> Provided material:
--- START ---

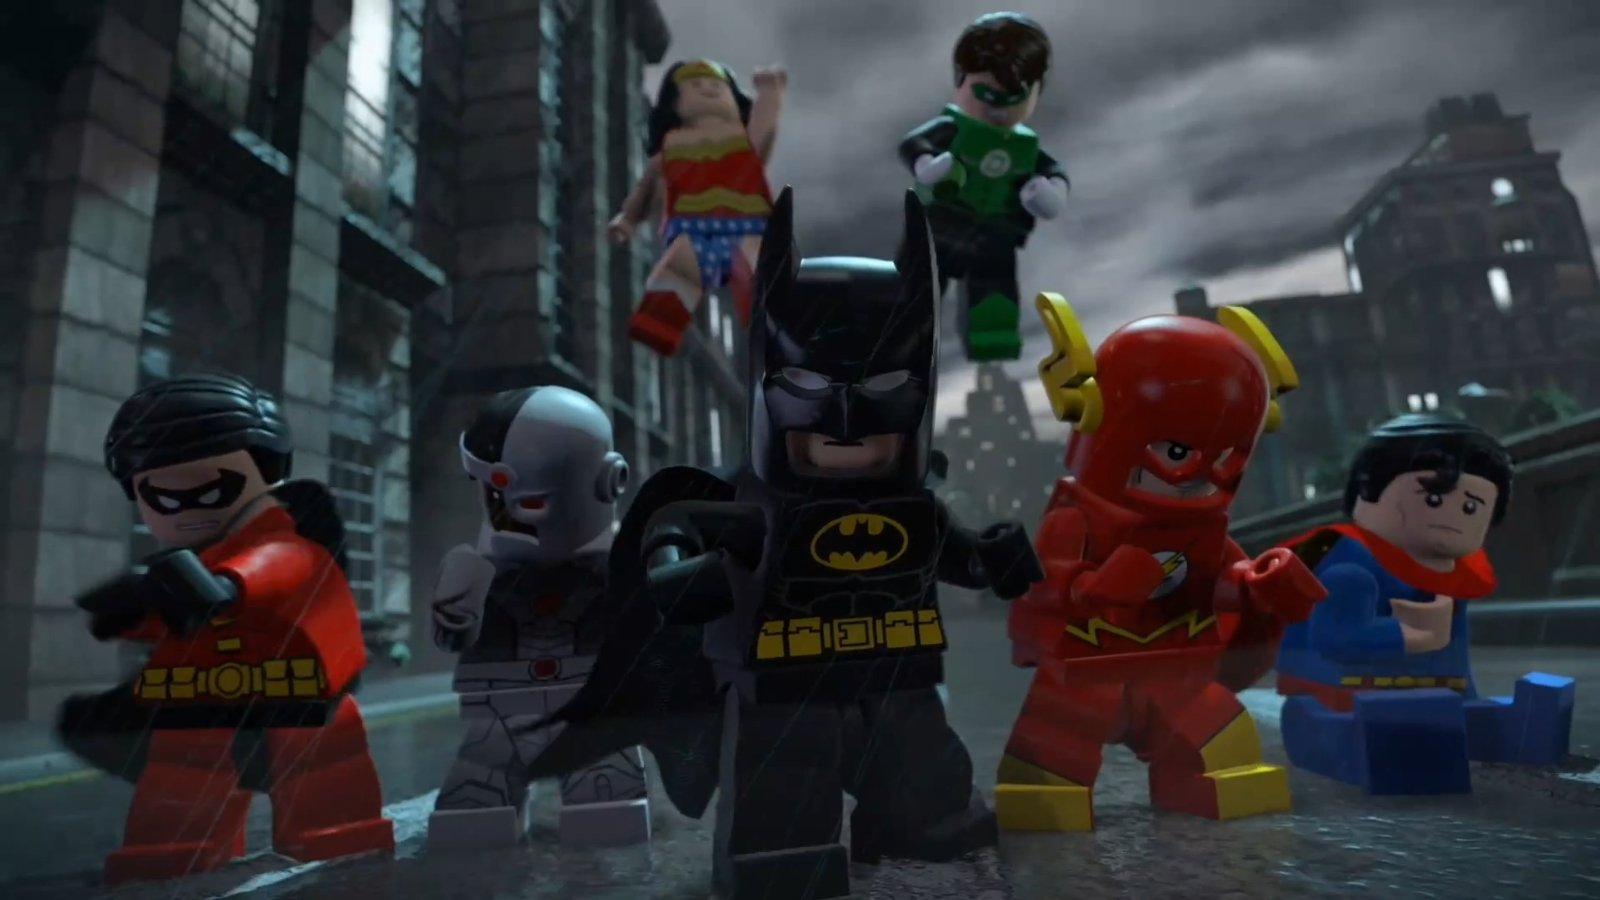 Lego Batman - Lego Batman The Movie Game , HD Wallpaper & Backgrounds
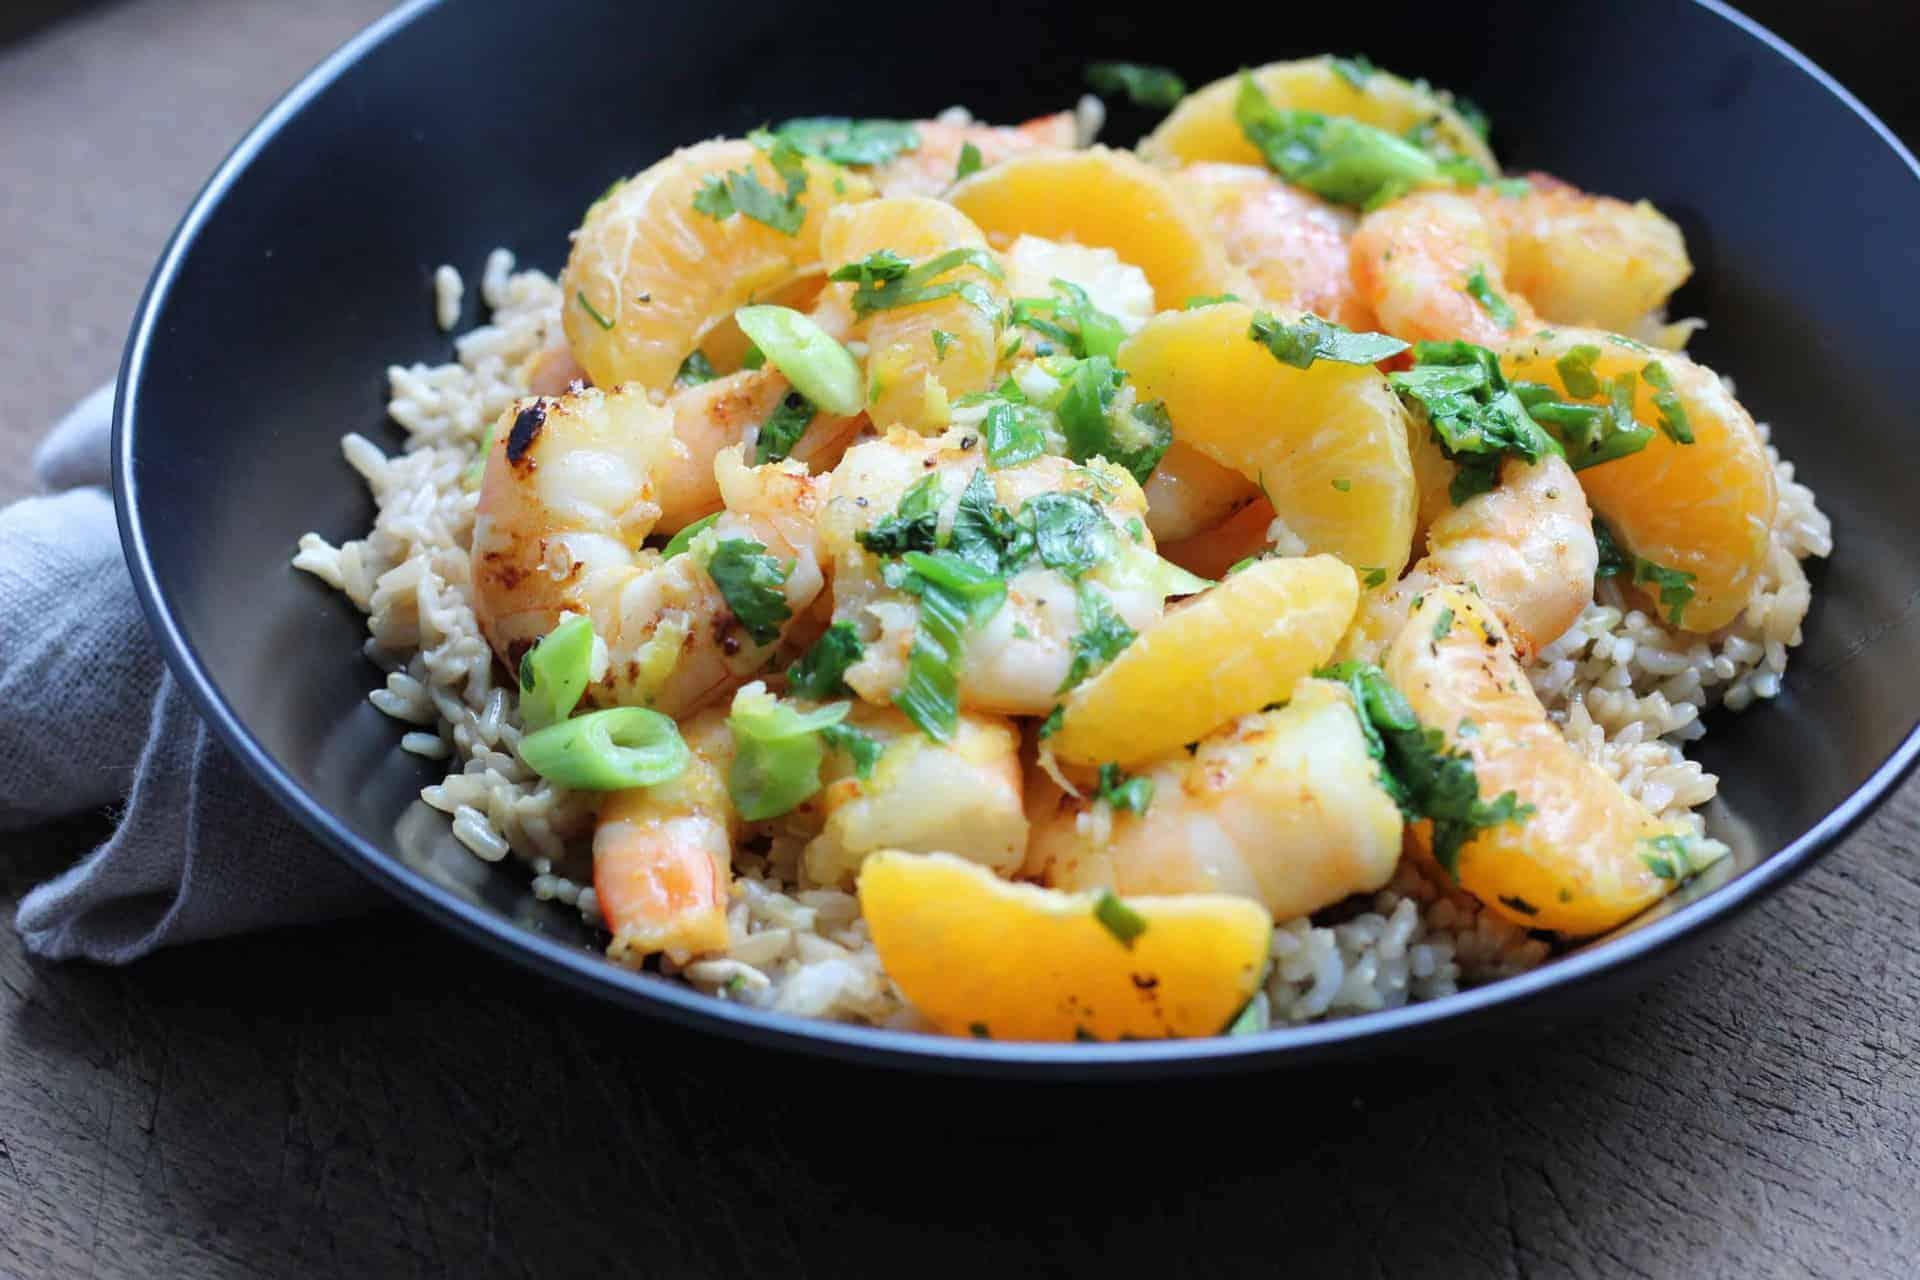 Shrimp, Seafood, Dinner, Omega-3s, Quick & Easy, Winter
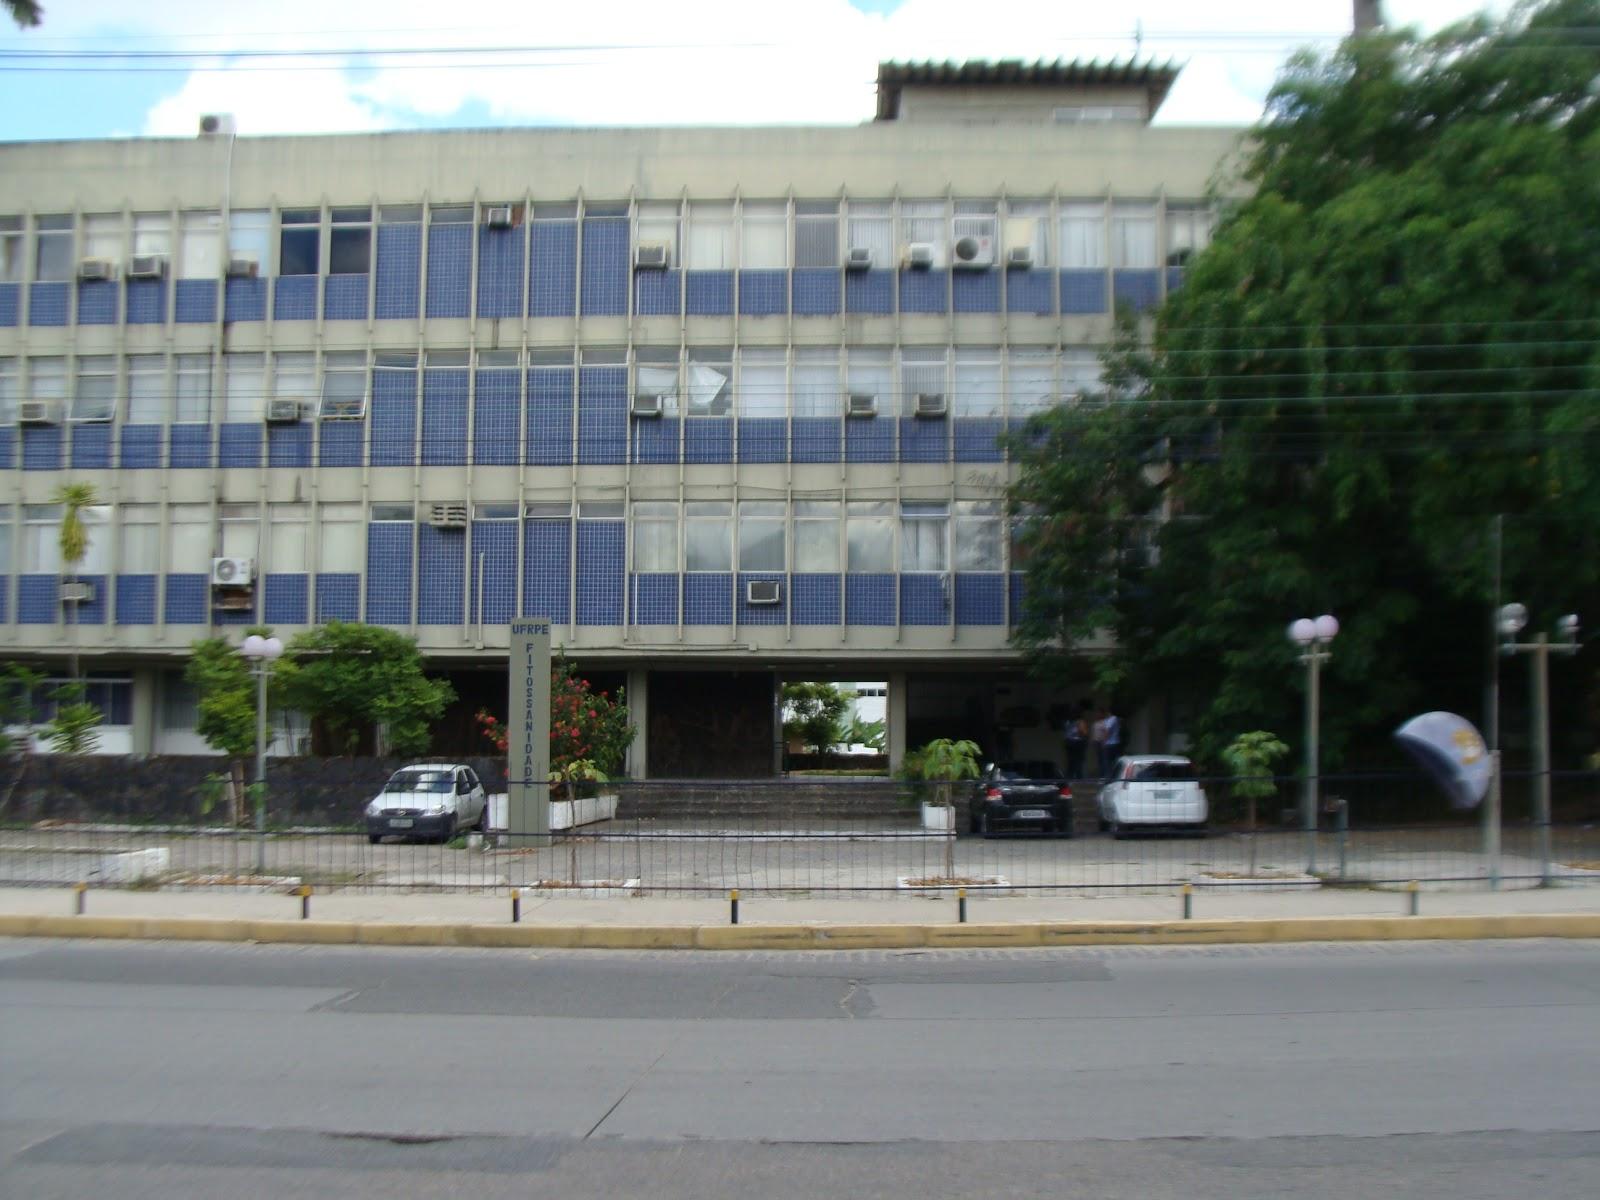 Mariana de moraes - 1 part 3
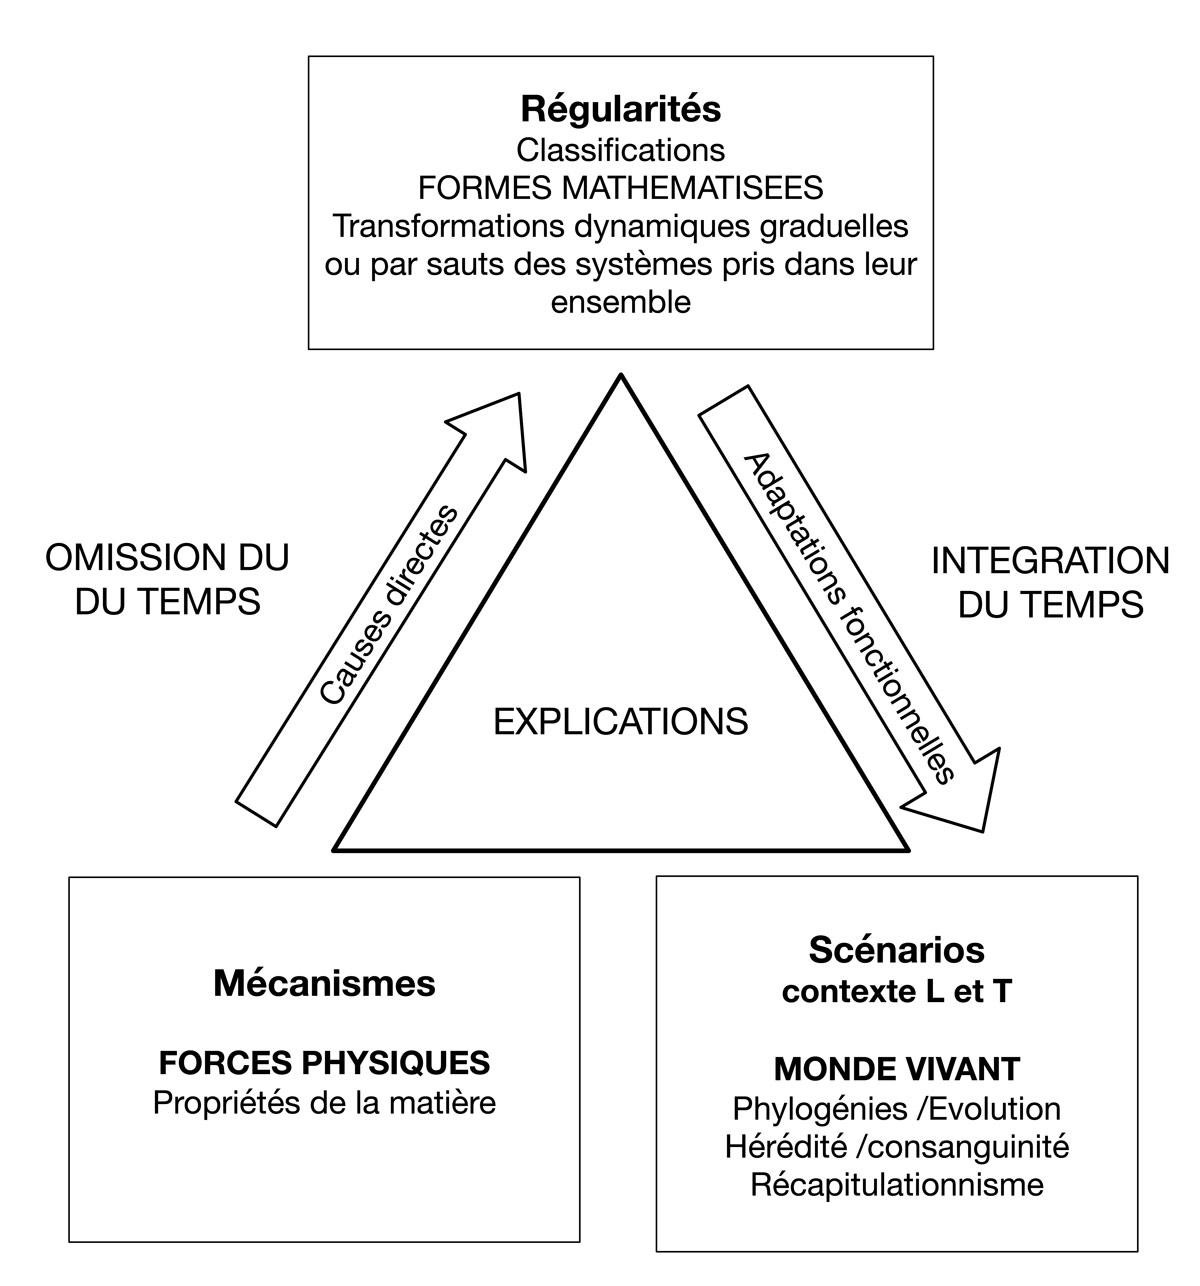 Fig. 5. Les contraintes temporelles dans le processus interprétatif de D'Arcy Thomson. © Gallay.

--- END ---

> Assigned task: Write out each line of the data exactly; the images should be left out.

> Your solution:
 Lego Batman - Lego Batman The Movie Game , HD Wallpaper & Backgrounds
 Shrimp, Seafood, Dinner, Omega-3s, Quick & Easy, Winter
 Mariana de moraes - 1 part 3
 Fig. 5. Les contraintes temporelles dans le processus interprétatif de D'Arcy Thomson. © Gallay.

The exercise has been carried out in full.